On Wed, Jan 17, 2018 at 8:08 AM, Jacek Kołodziej <kolodziejj@gmail.com> wrote:
Hello everyone,

this is my first post here and I'm starting with asking a question about data consistency between two consecutive SELECTs using PostgreSQL 9.6.

I'm sorry if that's something that was already discussed - I couldn't find it either in archives, nor in _general internet_. If it is, I would appreciate pointing it out.

I have an "append-only" events table - only INSERT and SELECT queries are issued to it. It has an integer (sequence) ID as a primary key.

I'm issuing following two queries (within the same READ COMMITTED transaction) to that table:
- first query (A): SELECT id FROM events ORDER BY events.id DESC LIMIT 1 - I'm saving the result as a "max ID" for the second query
- second query (B): SELECT id, ... FROM events WHERE id > "min ID" AND id <= "max ID" AND ...
  - I won't dig into what's "min ID" but you can assume it's at most 100 less than "max ID"

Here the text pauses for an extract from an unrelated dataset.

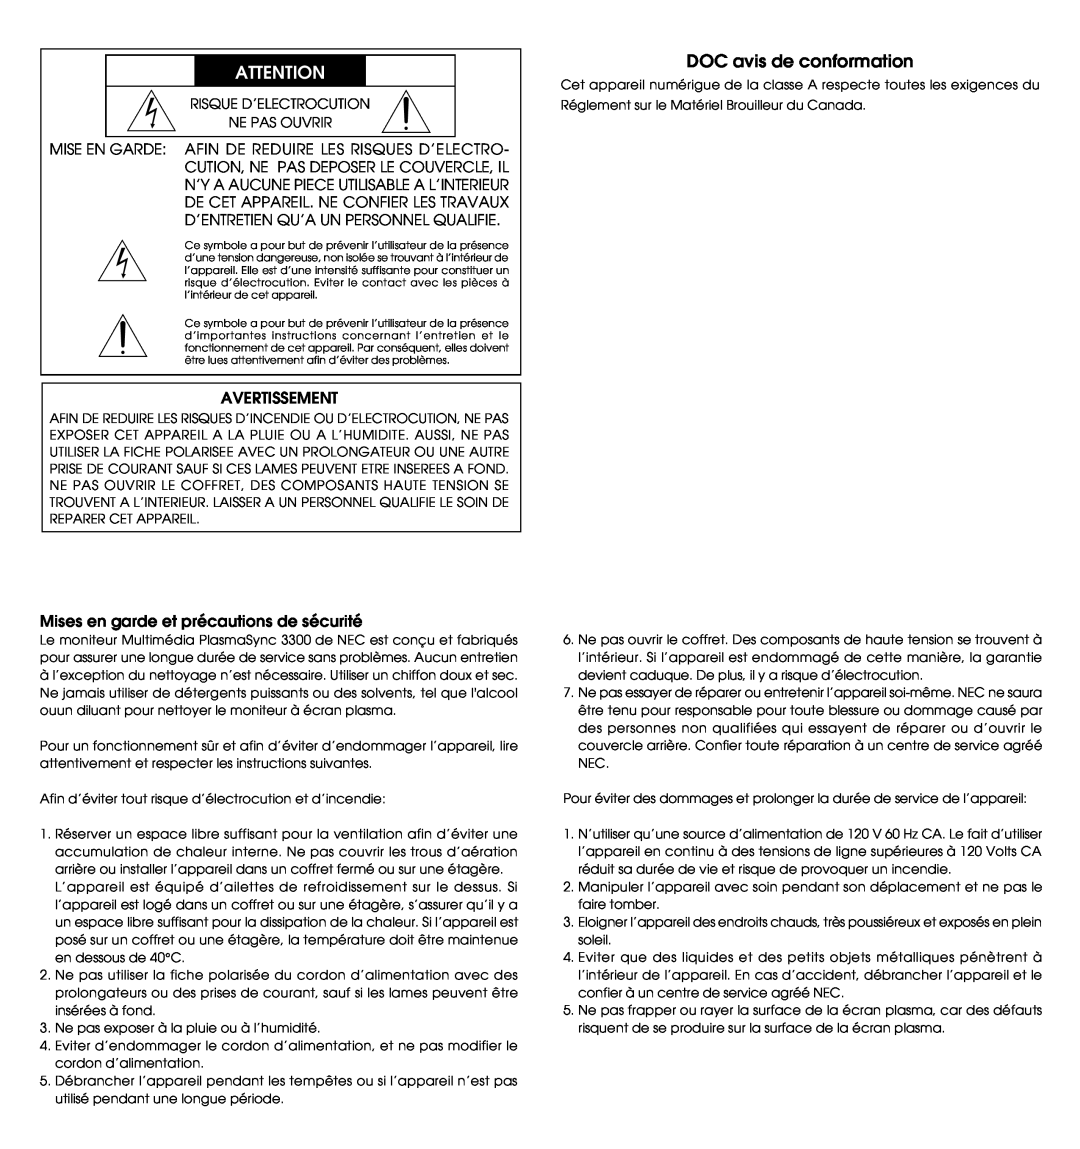 NEC PlasmaSync 3300 user manual DOC avis de conformation, Avertissement, Mises en garde et précautions de sécurité

Concurrently, rows are being added to that table.

Please note that there's enough data in the index for the first query (A) to perform an index-only scan. I'm not sure if that's relevant but "B" query does an index scan because of other conditions I haven't mentioned but still needs to fetch data from the table's heap.

Here's what happening to me: the "A" query occasionally (in my case: on the order of tenths per day) returns an ID _higher_ than any ID present in second query's result (other conditions I haven't specified do _not_ filter any more rows than "id <= max ID") - as if some entries were visible for the first query, but not for the second one. This is an inconsistency that is very problematic for me.

All I can think of is that it might be caused by the index-only-scan and READ COMMITTED transaction isolation level but from what I gather from documentation, it should not be possible due to the use of visibility map[0][1][2].

And yet it happens, likely for some other reason but I can't think of any. I've tried switching transaction isolation level to REPEATABLE READ (on the basis that it's an faulty phenomenon occurring during to some bug) but that didn't help.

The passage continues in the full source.